Consider Gnosis Safe, now rebranded as Safe. This platform is the industry leader for controlling funds and making transactions while separating the private key requirements of an account (including even requiring multiple signers to approve a transaction). However, despite having over $100 billion in assets stored within these Safes, their potential remains woefully underutilized.

Over 5,000 Safes are created each month on Ethereum mainnet alone, but these Safes are predominantly used for crypto cold storage rather than active DeFi interaction. These smart contract-based accounts allow users to rotate their keys or have a friend be required to confirm any time these assets are moved.

Ideally, these Safes should become the main way the creator/owners/signers of the Safe interact with DeFi. Over 100 apps (including custom transaction builders and useful DAO tools) exist to make Safes easier to use directly in a standard browser. However, despite these tools, many users still rely on their Externally Owned Accounts—accounts that are secured by a private key and are inherently risky—when interacting with DeFi. Whether it’s buying an NFT on Blur, swapping on Uniswap, depositing to MakerDAO, repaying an Aave (AAVE) loan, or simply sending tokens to a friend, people often create Safes with their EOAs and then continue to use their EOAs—a risky practice firmly rooted in 2021.

The data is telling: excluding raw Ethereum (ETH) (which isn’t an ERC20 token) for Ethereum Mainnet specifically, 99.4% – 99.9% of token transfer volume (in USD terms) happens via a Safe Creator’s EOA, not their Safe! This isn’t just a statistic; it’s a glaring indictment of the industry’s current approach to combining utility and security through crypto custody.

Raw ETH usage may be a positive sign

To put this into a broader perspective, consider how blockchains are used today. Raw ETH, not being a token contract, is typically “wrapped” into Wrapped Ether (WETH) via a 1:1 smart contract to enable it to be more easily used in DeFi. Yet, less than 3% of Ethereum supply is wrapped. A disproportionate amount of activity in crypto is basic peer-to-peer sendings of the native asset, and only a sliver of human-operated addresses actually interact with DeFi protocols.

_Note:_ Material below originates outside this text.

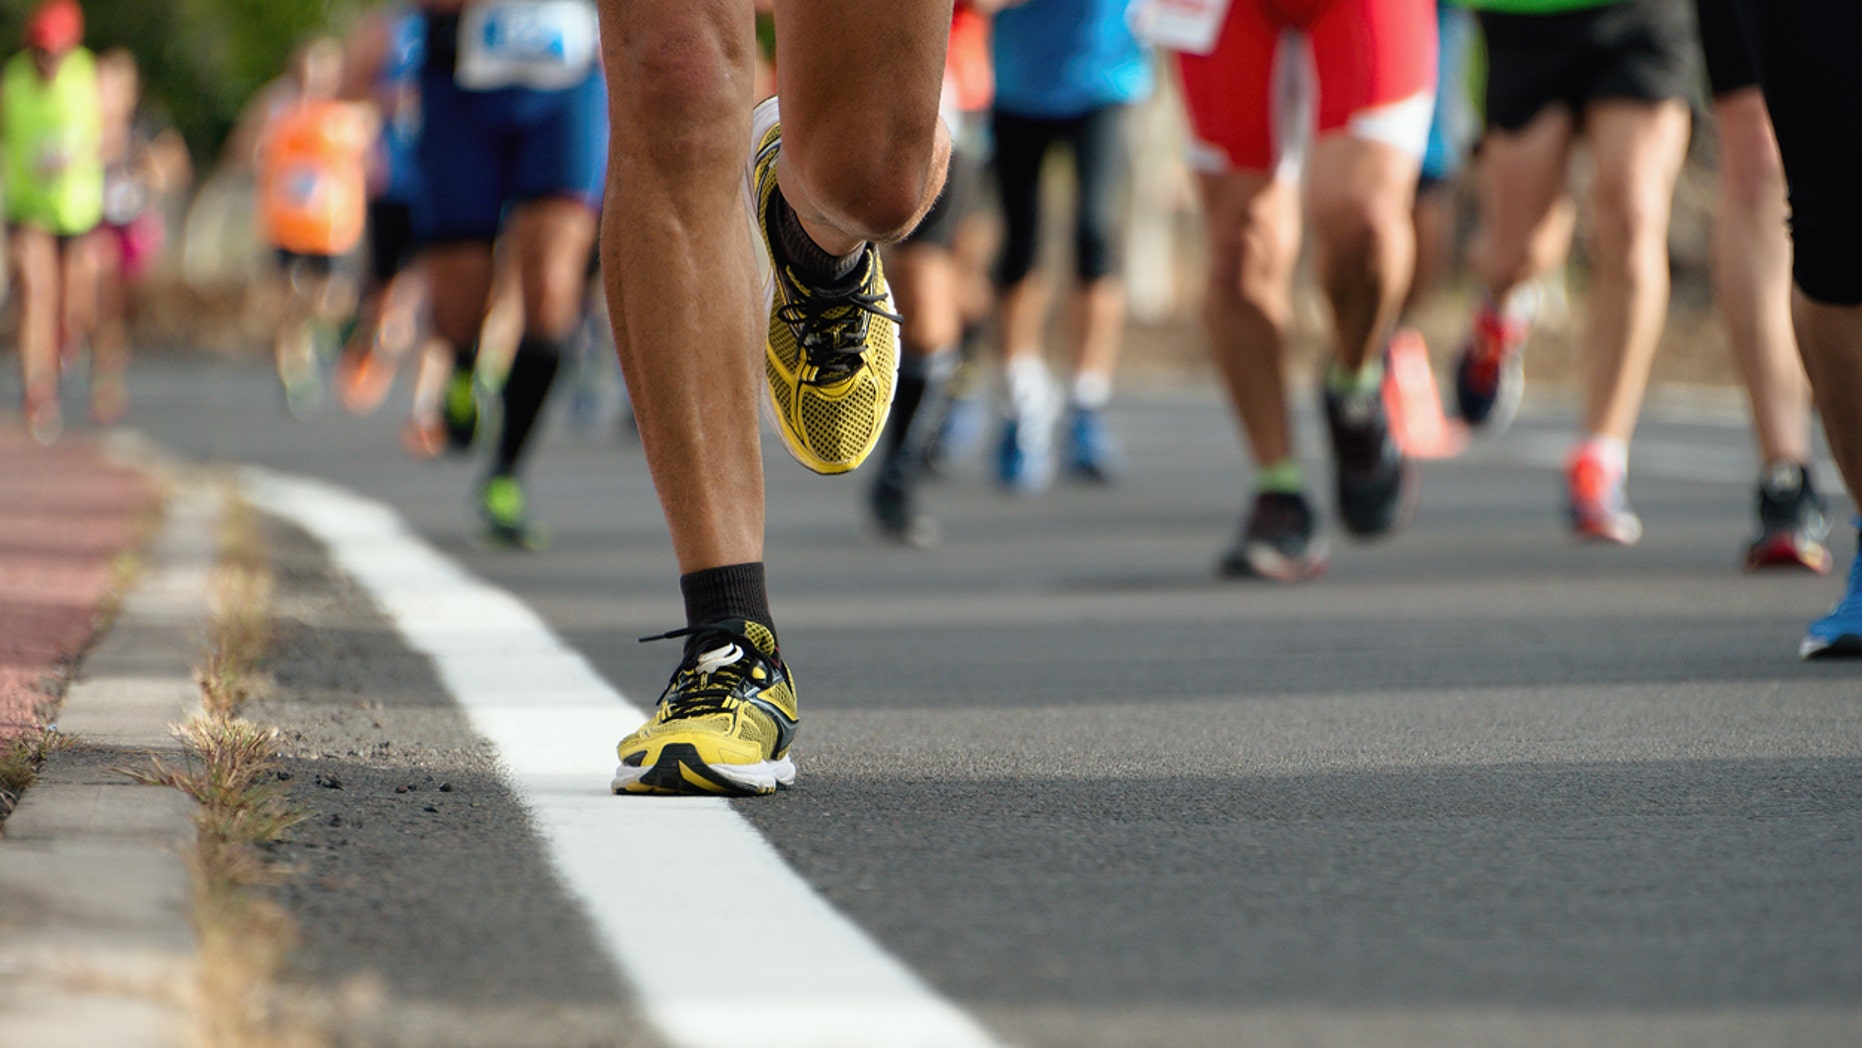 Heroic high schooler helps exhausted marathon runner cross finish line ...

Unlike DeFi tokens, we do see Safe creators navigating raw ETH via their Safes. Comparing raw ETH transfer volume between Safes and Creator EOAs we not only see an increasing pattern for Safes, but as of May 2024, Safes are seeing more raw ETH usage than the EOAs that created them to the tune of nearly $2 billion worth of monthly volume on just Ethereum mainnet alone.

The path forward: Simplification at the custody, not protocol, level

To be clear, there has been real progress in protecting users since 2021, especially at the wallet layer with projects like Rabby, Rainbow, Coinbase Wallet, and the industry leader Metamask heavily focused on preventing user losses via transaction simulation, approval management, and warnings for potentially malicious contracts. However, these still operate on the framework of users managing private keys that control their funds 1:1.

The industry is experimenting (and investing) heavily in alternatives to this framework, including proposals to: give your account to a smart contract (EIP-3074), turn your account into a smart contract (EIP-7702), abstracting how transactions are themselves created and managed (EIP-4337). These “account abstraction” projects differ in complexity and assumptions and require changes to Ethereum itself.

Striving for widespread consensus on a single, complex, one-size-fits-all solution—such as the notion that “all wallets should simply agree to use the same singleton contract”—is likely a dead end. Instead, the industry should focus on practical UX solutions that can be readily adopted without every app generating an Nth wallet for a user or fiddling (too much) with the inner workings of Ethereum.

The good news is we’re trending in the right direction. More L2s come online every week, lowering the cost of DeFi. The industry is tired of hearing about infrastructure and having more hard conversations on organic user growth instead of airdrop farmers. Apps are launching more mobile native experiences, including integrating wallets as a service and social recovery. The mission for a decentralized, robust, permissionless, censorship-resistant alternative to the modern financial system(s) is alive and well.